◆ **Information shown**

****

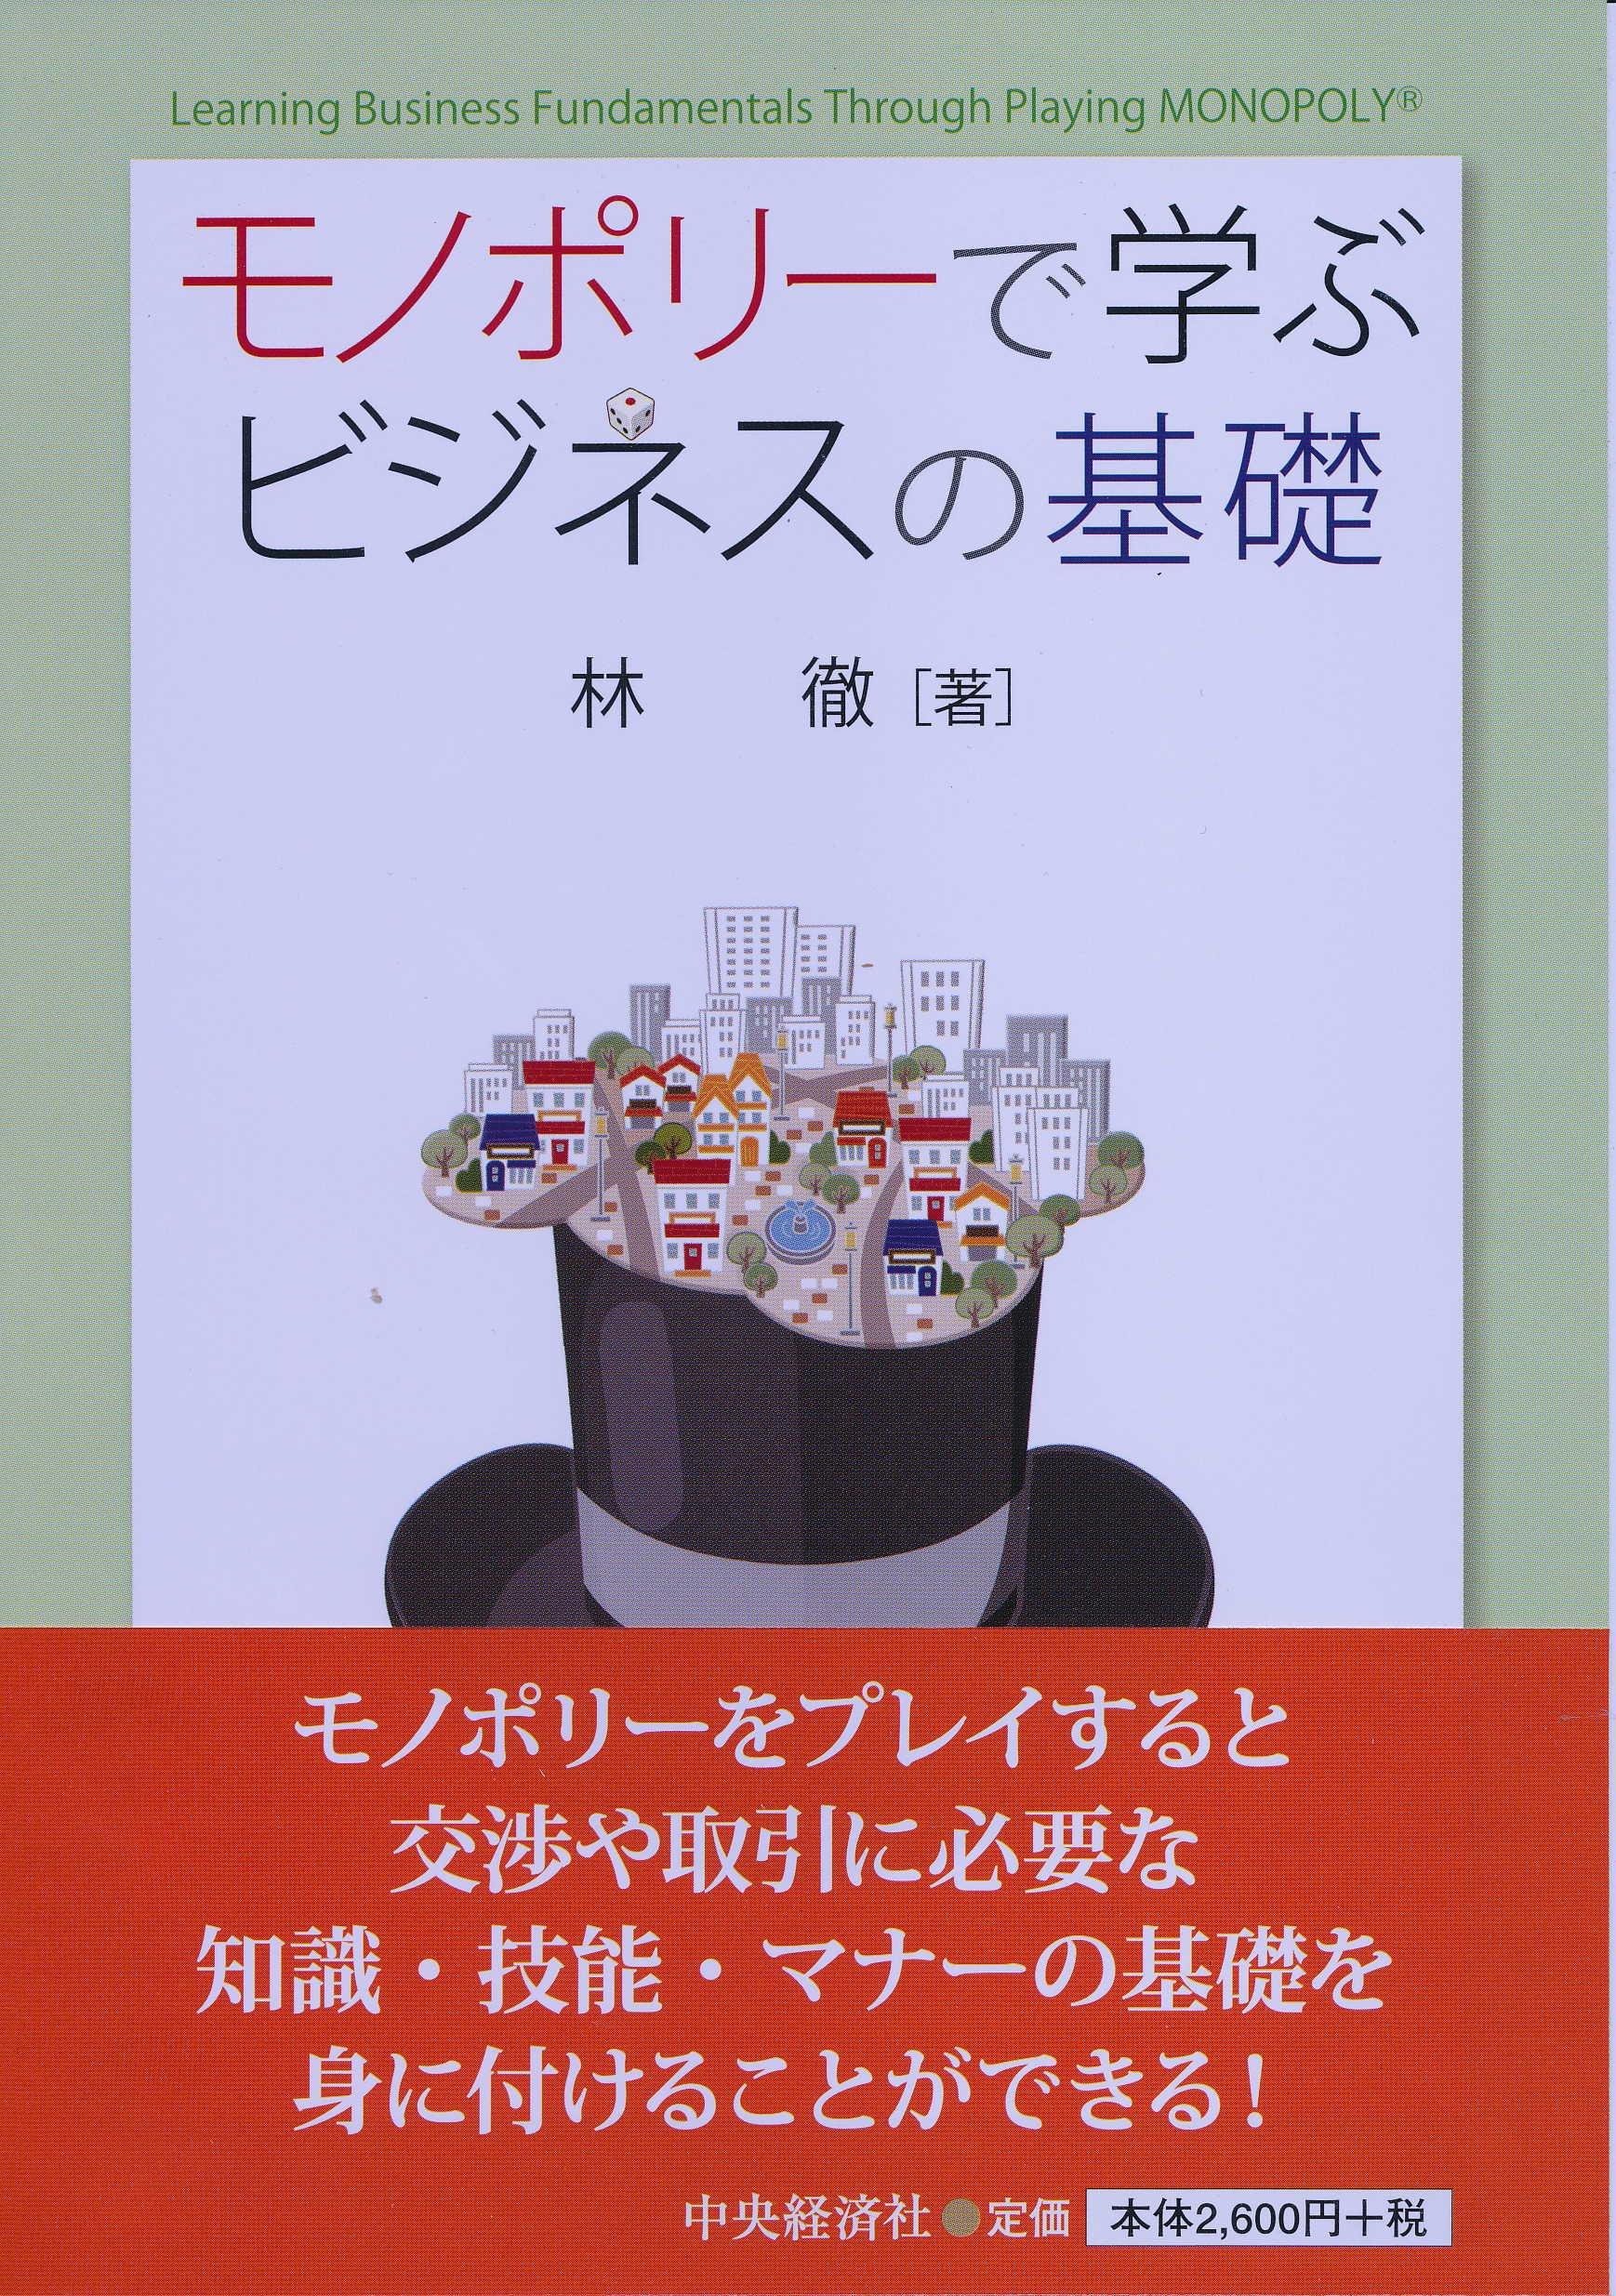 林 徹(長崎大学)著『モノポリーで学ぶビジネスの基礎』
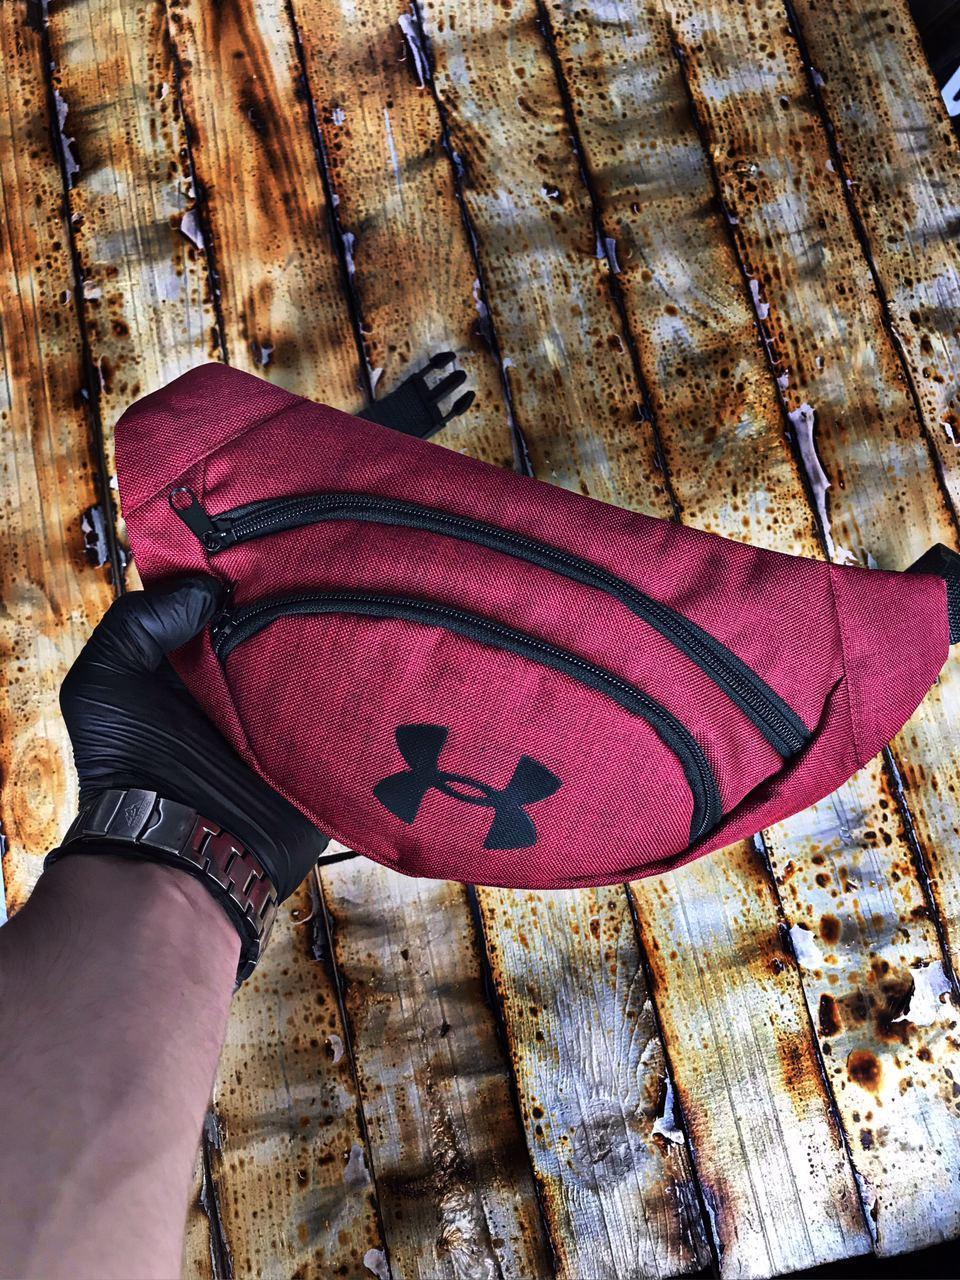 Поясная сумка Бананка Under Armour Логотип Черный Мужская Женская
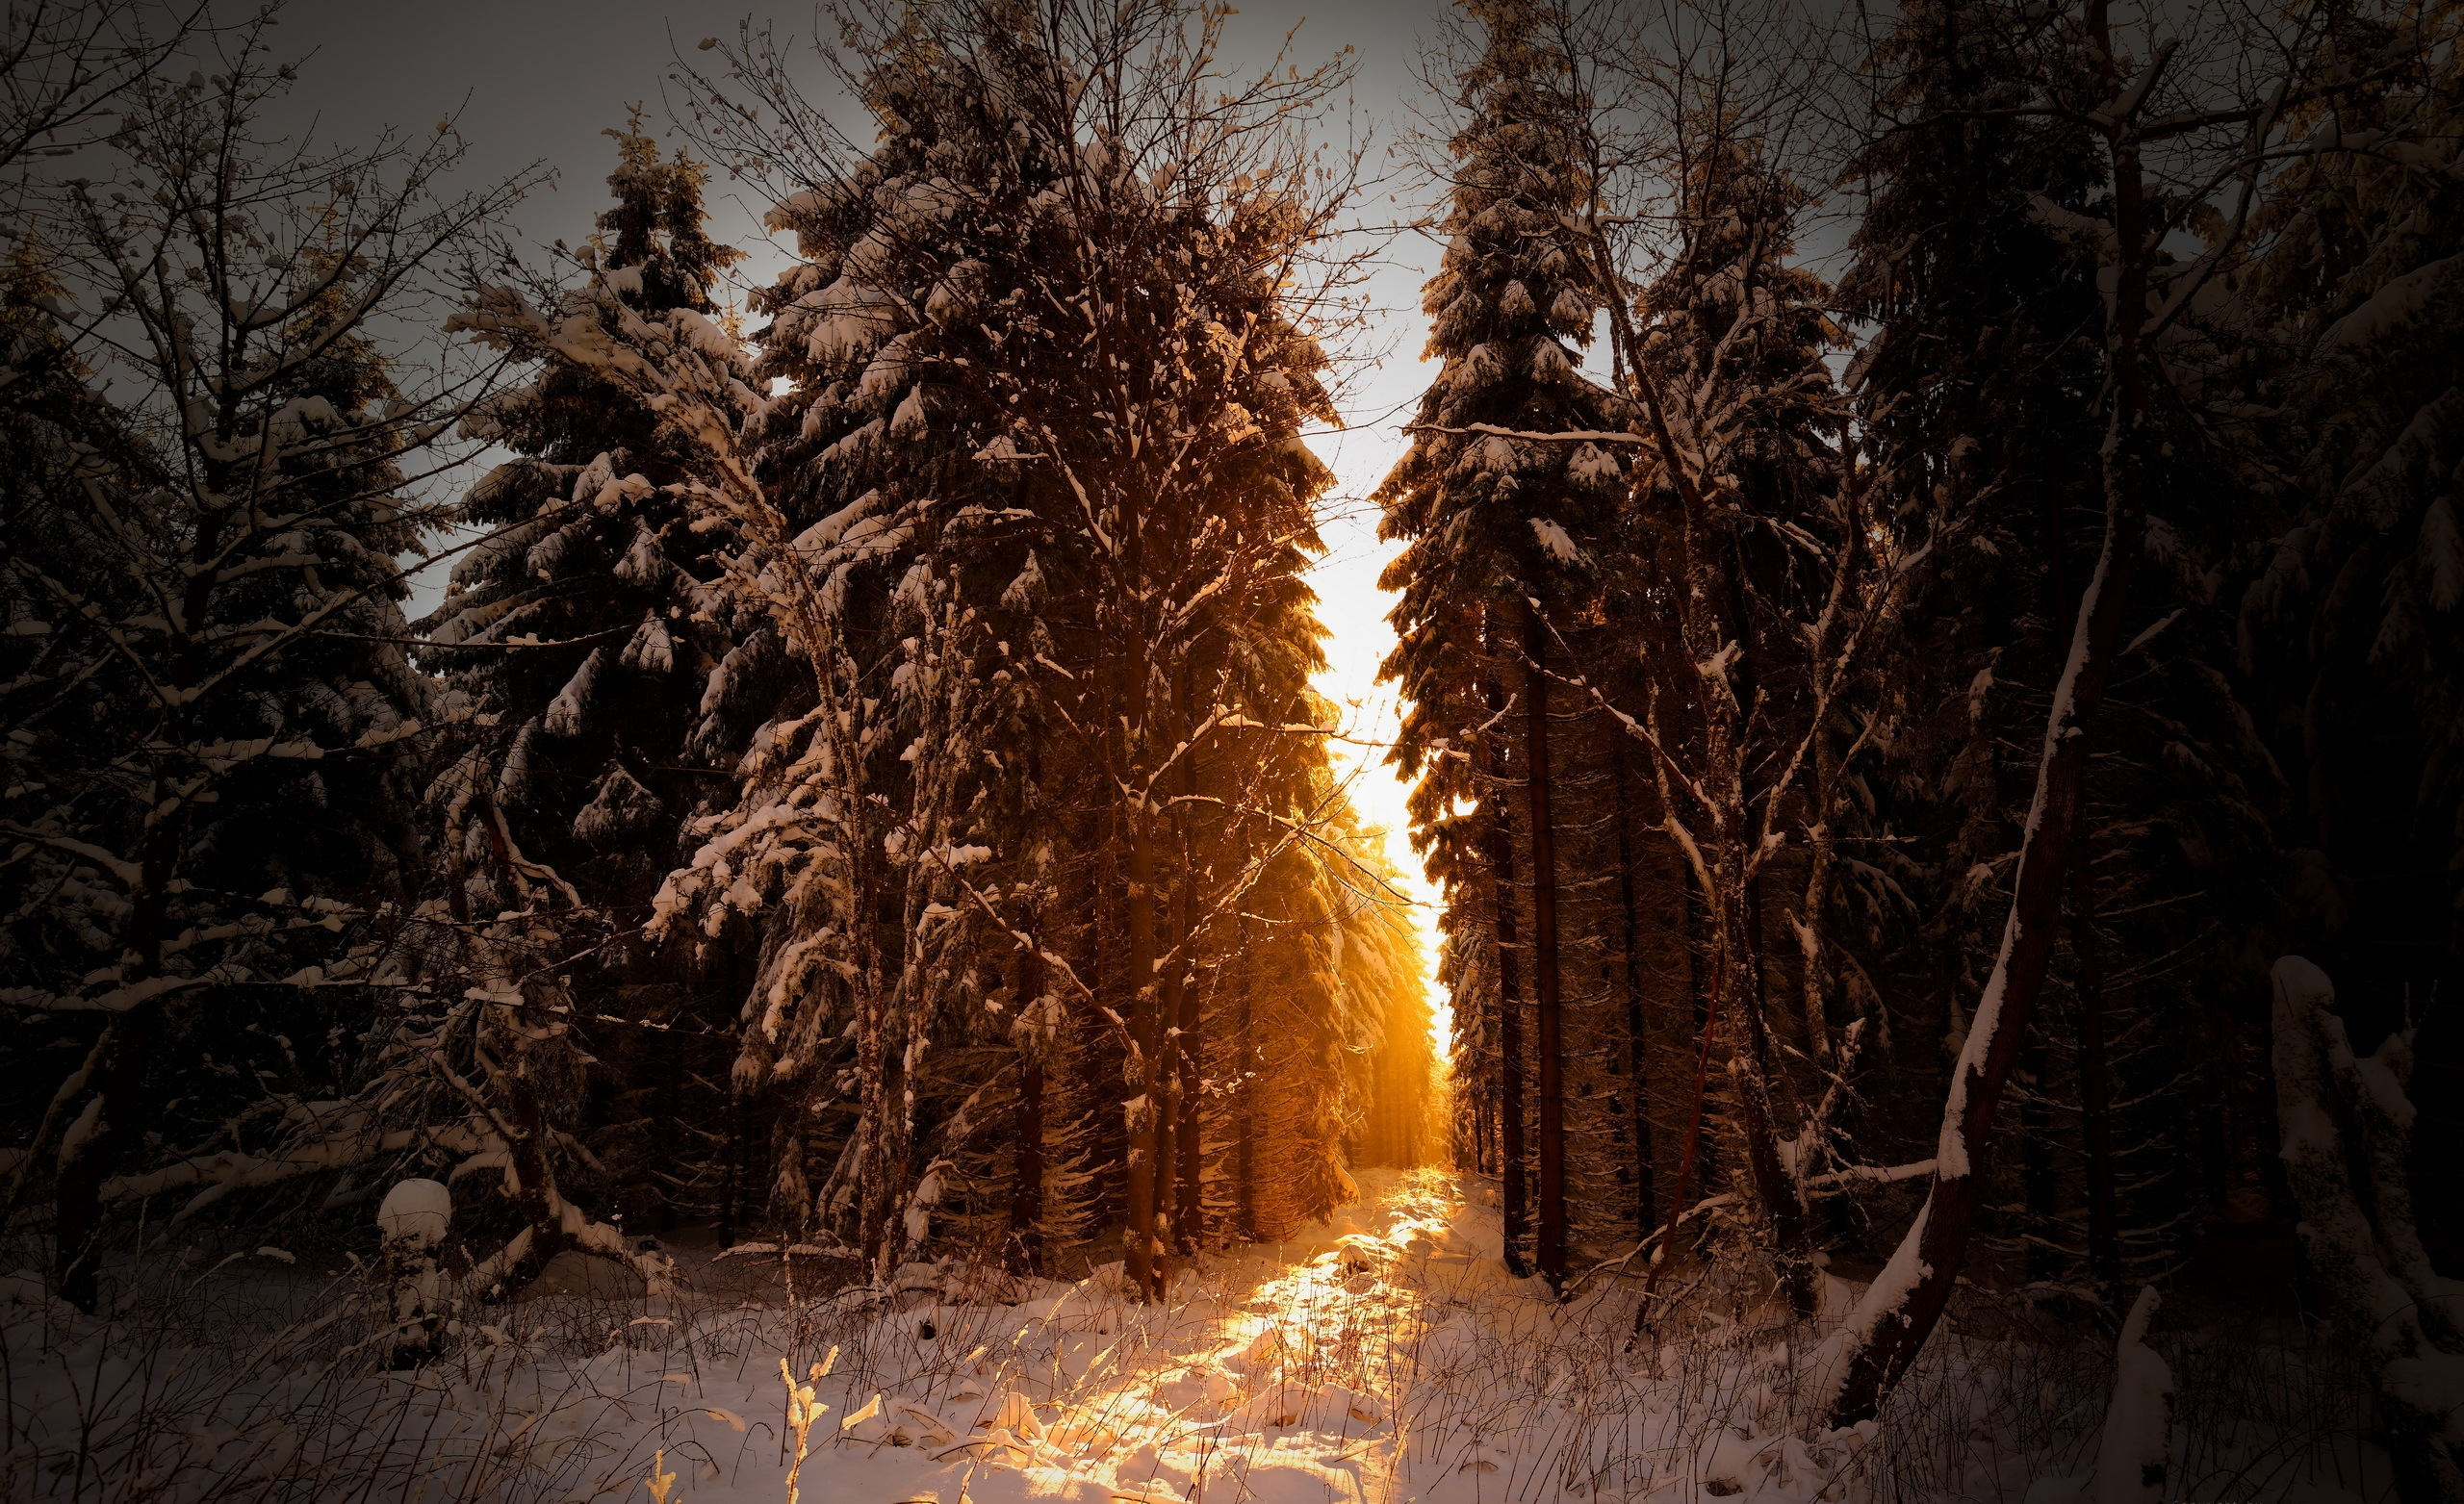 снег зима лучи деревья snow winter rays trees без смс

****

Starting at the line with "Поясная сумка Бананка" and stopping at the final line of the material, reproduce each line exactly, both ends included. Leave the pictures out.

◆ **Completed exercise**
 Поясная сумка Бананка Under Armour Логотип Черный Мужская Женская
 снег зима лучи деревья snow winter rays trees без смс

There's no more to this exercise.